Training computer systems in the comprehension of language has been a goal coveted by researchers for many decades. Now, the Chinese tech giant Alibaba and Microsoft claim to have taken the very first step towards that lofty aim.
Both systems were tested using the Stanford University’s Question Answering Dataset, a collection of 100,000 questions based on 500 Wikipedia articles, which has become the battleground for different AI research groups vying to become the first one to beat standard human performance.
The systems were fed a number of paragraphs from articles on a variety of topics, and then prompted to answer a number of questions based on the available information.
The current human score is 82.3, while the systems built by Alibaba and Microsoft racked up 82.44 and 82.65 points respectively, beating their biological rivals by a hair’s breadth.
“It is our great honour to witness the milestone where machines surpass humans in reading comprehension. That means objective questions such as ‘what causes rain’ can now be answered with high accuracy by machines,” said Luo Si, Chief Scientist of Natural Language Processing at Alibaba.
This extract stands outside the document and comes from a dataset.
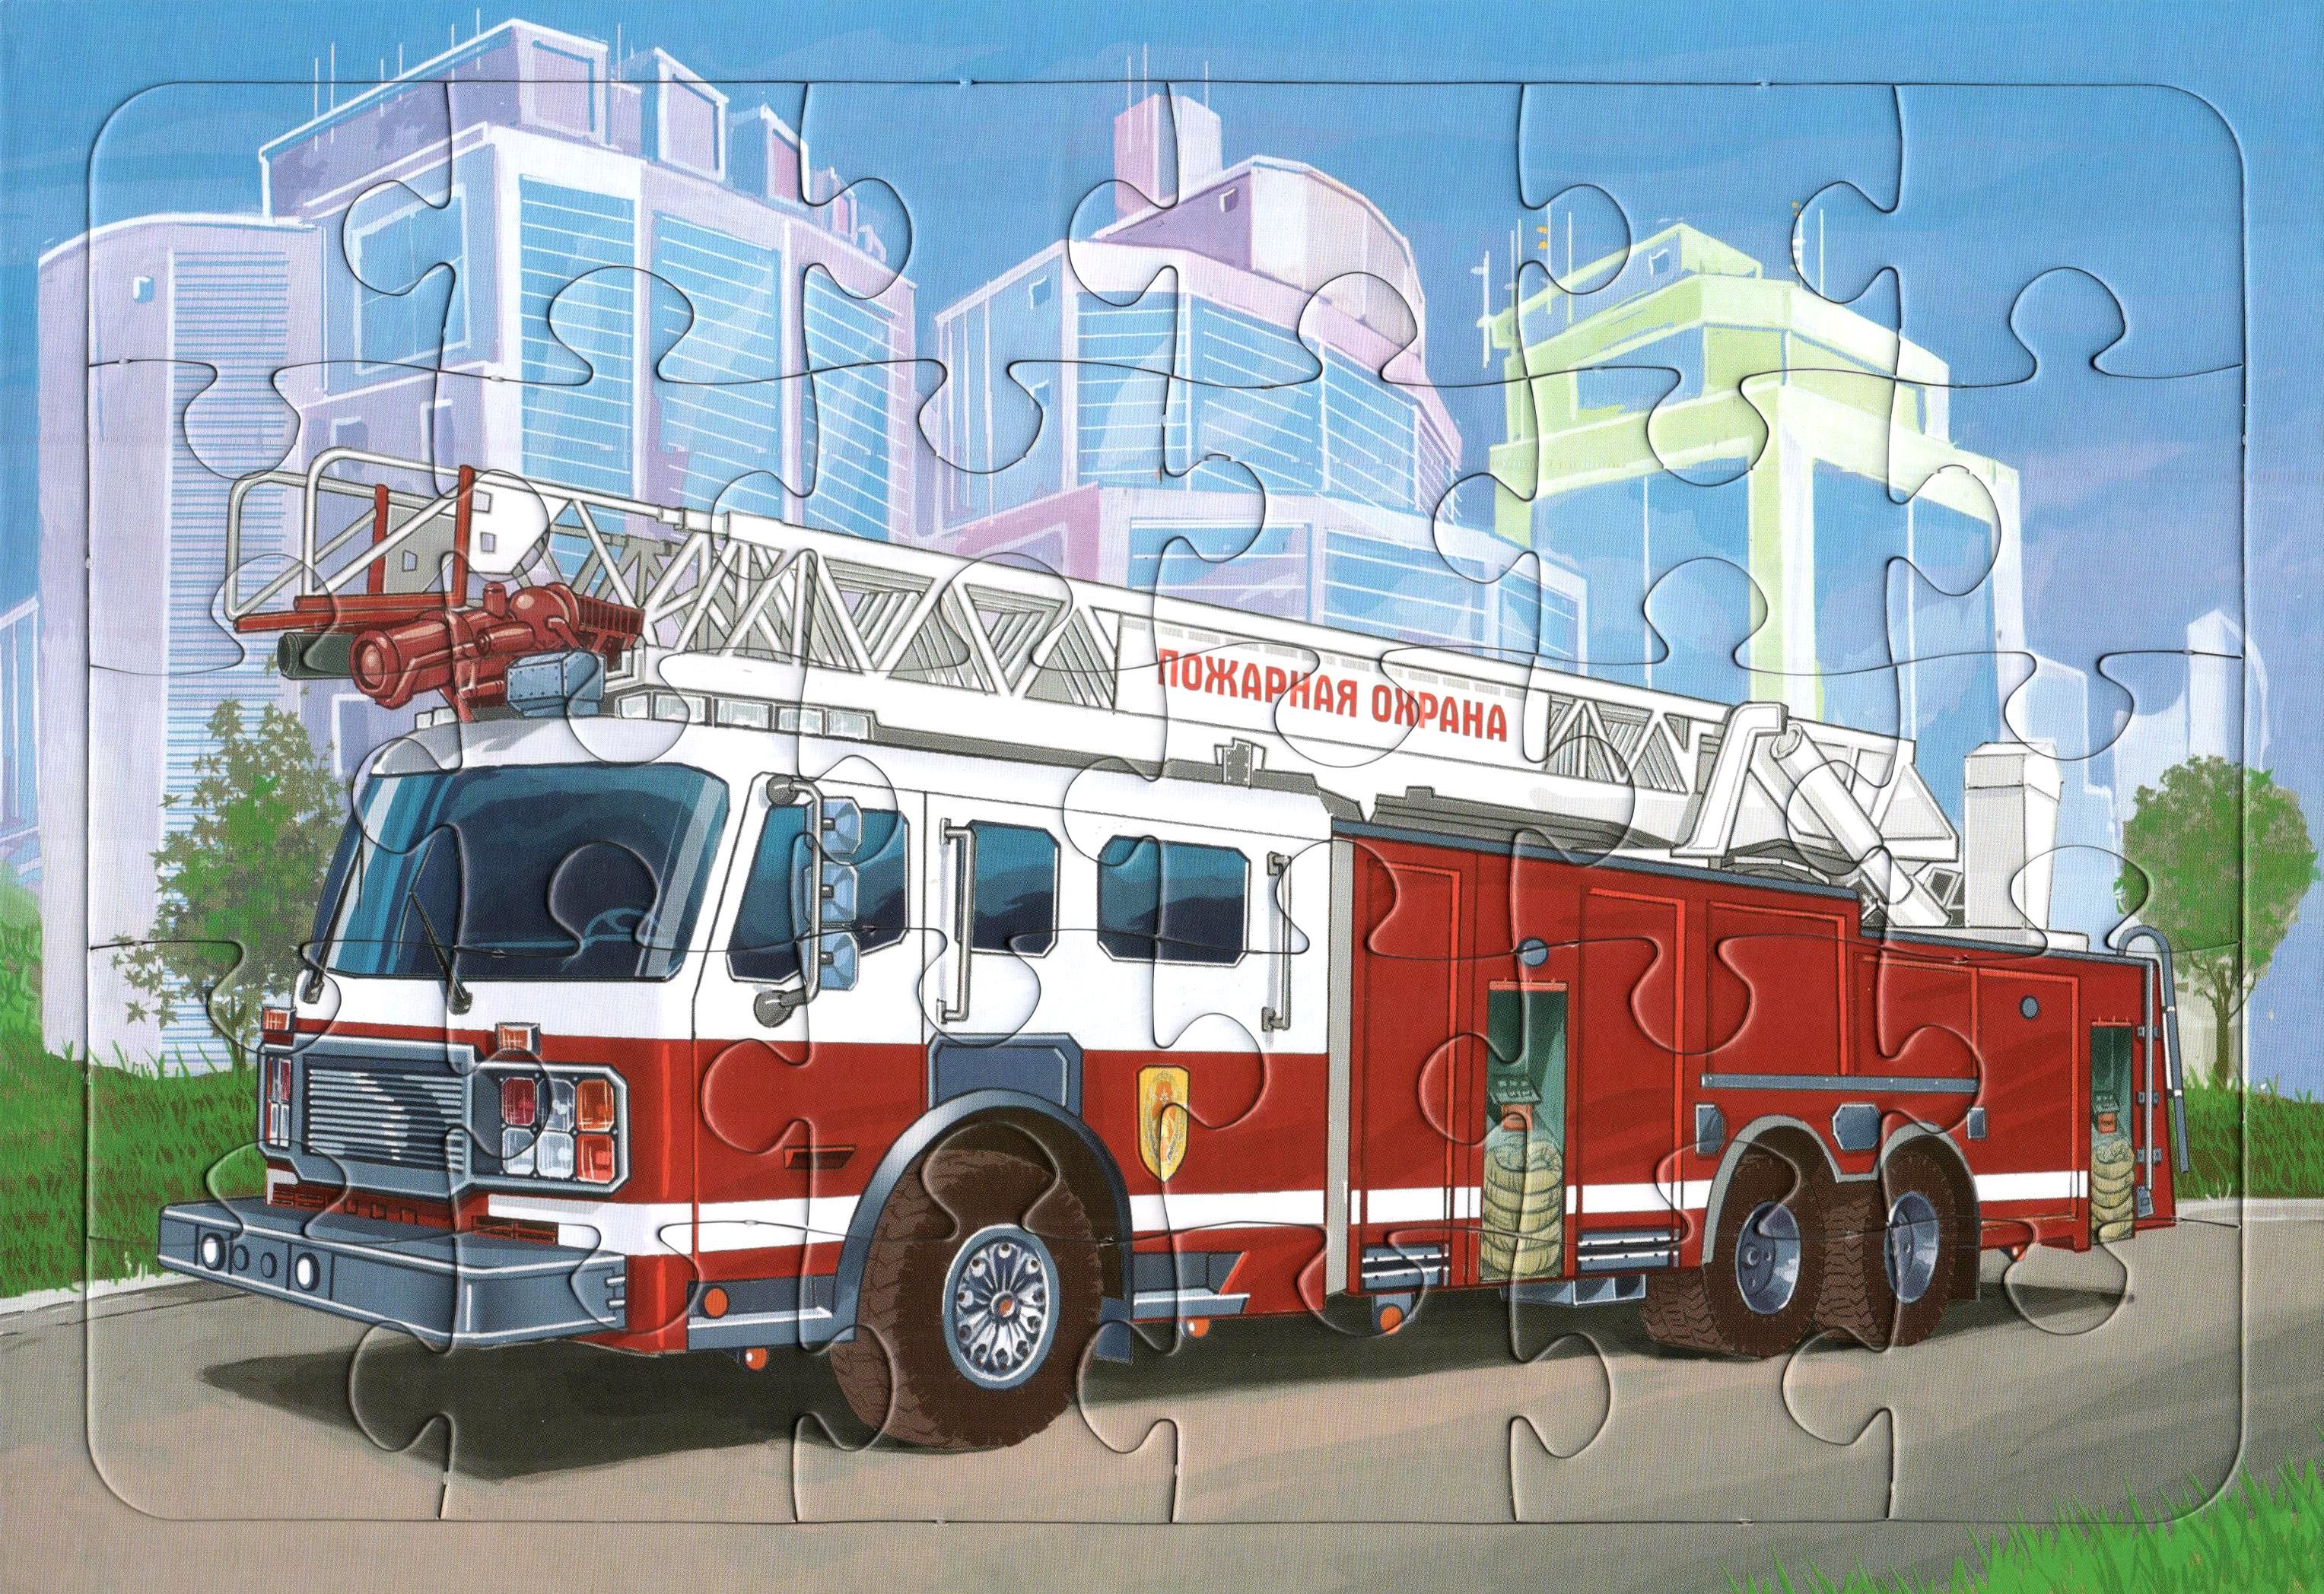 Castorland Puzzle пожарная машина

Some news outlets have taken hold of the news, claiming that artificial intelligence can now read better than humans, and even that it will decrease the need for human input in an unprecedented way.
However, as many other commentators, as well as the companies themselves have noted – this is not ‘real’ comprehension. In other words, the algorithms have no clue what they’re ‘reading’.
Apparent comprehension arises from the systems’ ability to identify patterns and match terms contained within the articles.
Furthermore, the systems were only fed cleanly formatted materials from Wikipedia that were guaranteed to contain answers. ‘Polluting’ the text with gibberish or asking the systems to infer meaning from several sentences breaks the process down, which means real comprehension is still a ways off.
Before that happens, though, researchers hope to soon implement similarly designed systems in museums, customer service establishments, an online systems designed to provide answers to medical inquiries.
Furthermore, research teams around the world are currently training AI systems to solve SAT-style math problems and basic science questions.